SteamHide Malware Description
SteamHide is a malware discovered by the researcher @miltinhoc. Currently, this powerful threat lacks functionality but there are signs that it is under active development and could soon be unleashed in the wild. Once established onto the targeted system, SteamHide first performs a check for VMWare and VBox by querying Win32_DiskDrive and terminates itself if needed. Afterward, the malware checks for administrator rights and tries to escalate its privileges through cmstp.exe. A persistence mechanism is established via a Registry key injected in the \Software\Microsoft\Windows\CurrentVersion\Run\BroMal registry.
Although SteamHide is incapable of harmful actions, it contains certain code segments that could be activated in the future. For example, the threat scans for Teams installations by trying to determine if SquirrelTemp\SquirrelSetup.log exists on the system. This method could possibly be expanded to scan for installed applications that could then be exploited. A peculiar SteamHide method allows the threat to send Twitter requests, a functionality that could easily be escalated and turned into a Twitter bot or expanded so that the threat could receive commands via Twitter.
Novel Distribution Mechanism
The SteamHide name describes the most distinguishing aspect of the malware - it abuses the Steam digital distribution platform to deliver payloads and to update itself. More specifically, the unsafe payloads are injected into the metadata of images used as Steam profile pictures. Hiding malware in this manner is certainly not something new but the specific using a gaming platform such as Steam is something unprecedented.

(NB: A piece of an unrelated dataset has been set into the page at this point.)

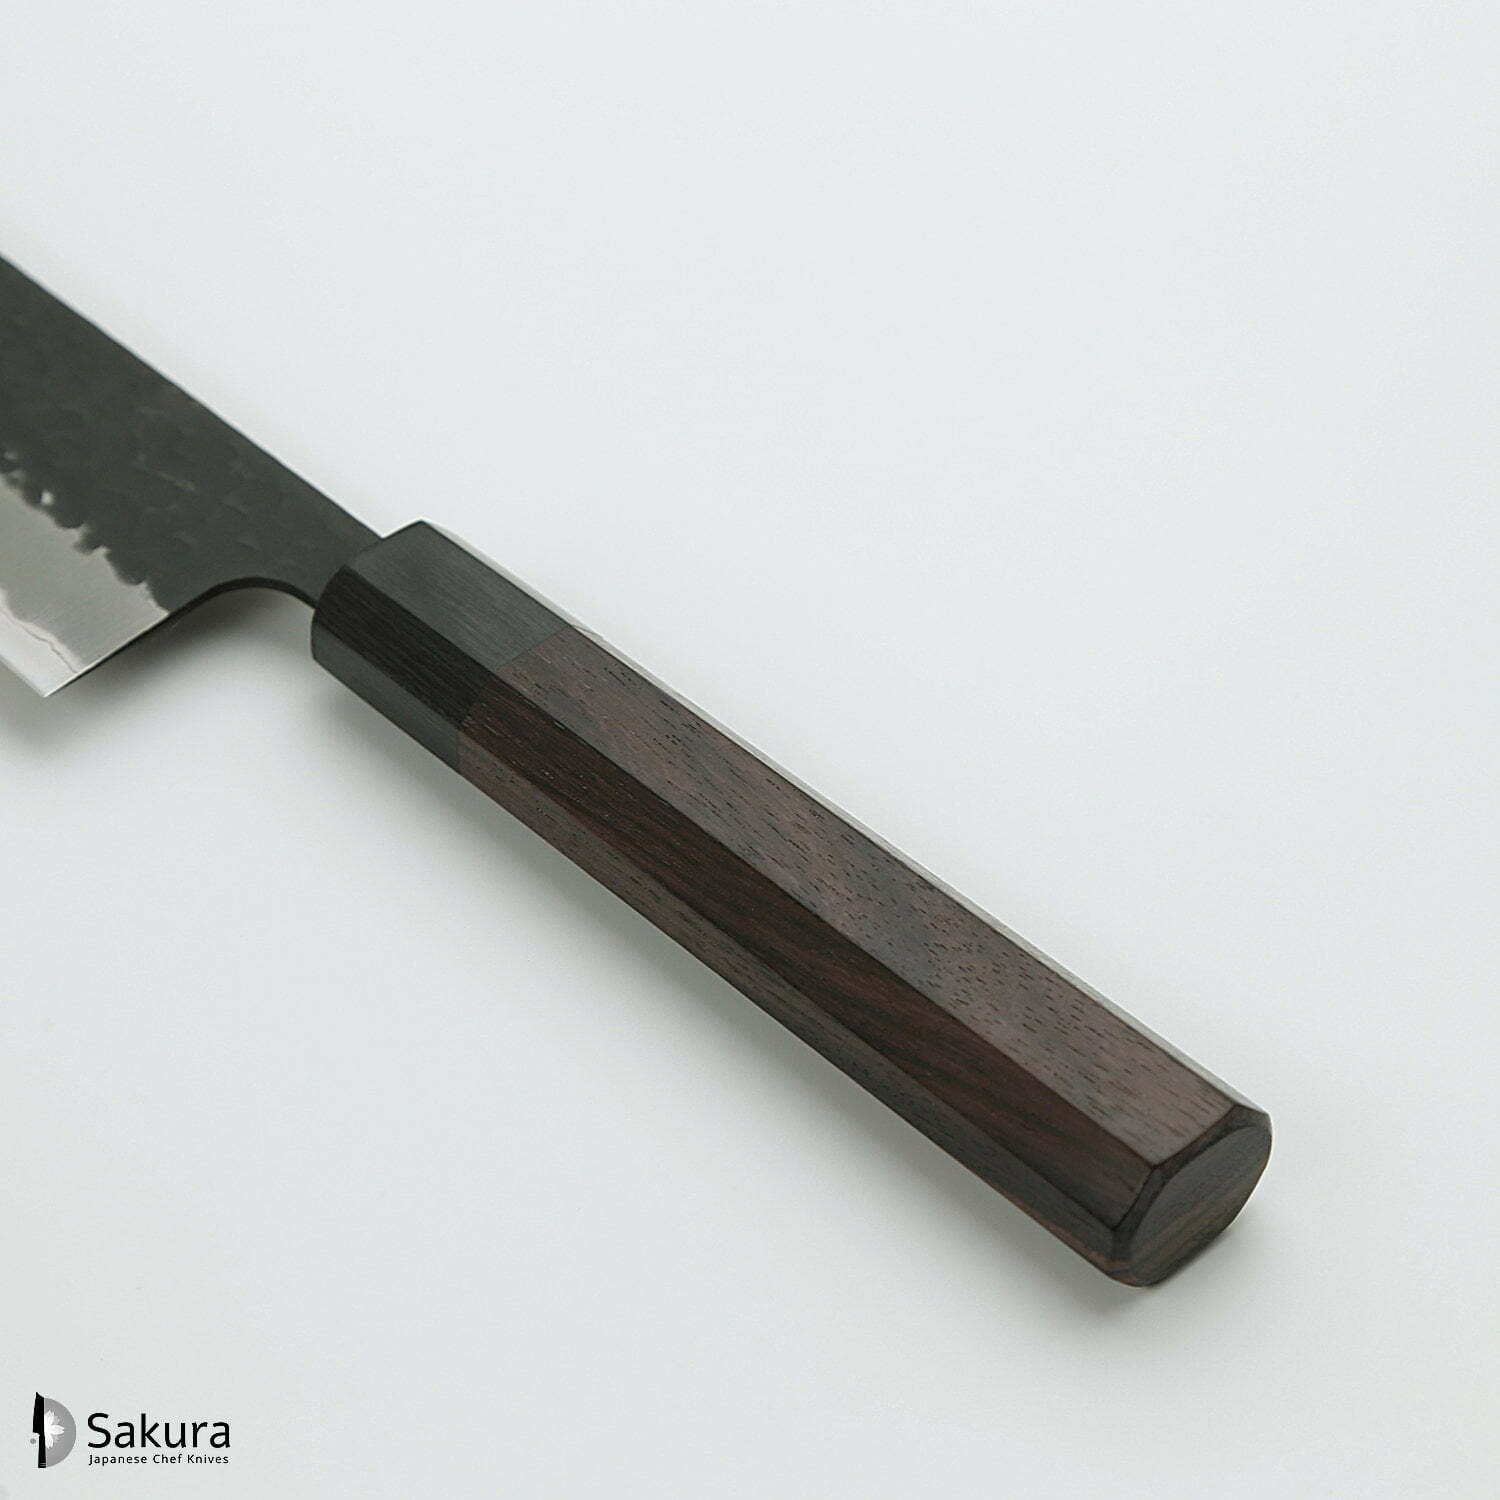 סכין שף רב-תכליתית גִּיוּטוֹ 240מ״מ מחוזקת 3 שכבות: פלדת פחמן יפנית מתקדמת מסוג Aogami Super עטופה פלדת אל-חלד גימור קורואיצ׳י שחור עם ריקוע פטיש ג׳יקו סאקאיי יפן

It should be noted that the malware doesn't require Steam to be installed on the targeted system. The gaming platform is merely used as storage hosting the payloads. The image itself is also completely inactive and incapable of performing any harmful actions. Instead, the delivery of the threats is delegated to an external component that accesses the weaponized Steam profile picture and then extracts, unpacks, and executes the hidden payload. The external threat could be dropped onto the targeted devices through the usual malware distribution channels such as phishing emails, compromised domains, etc.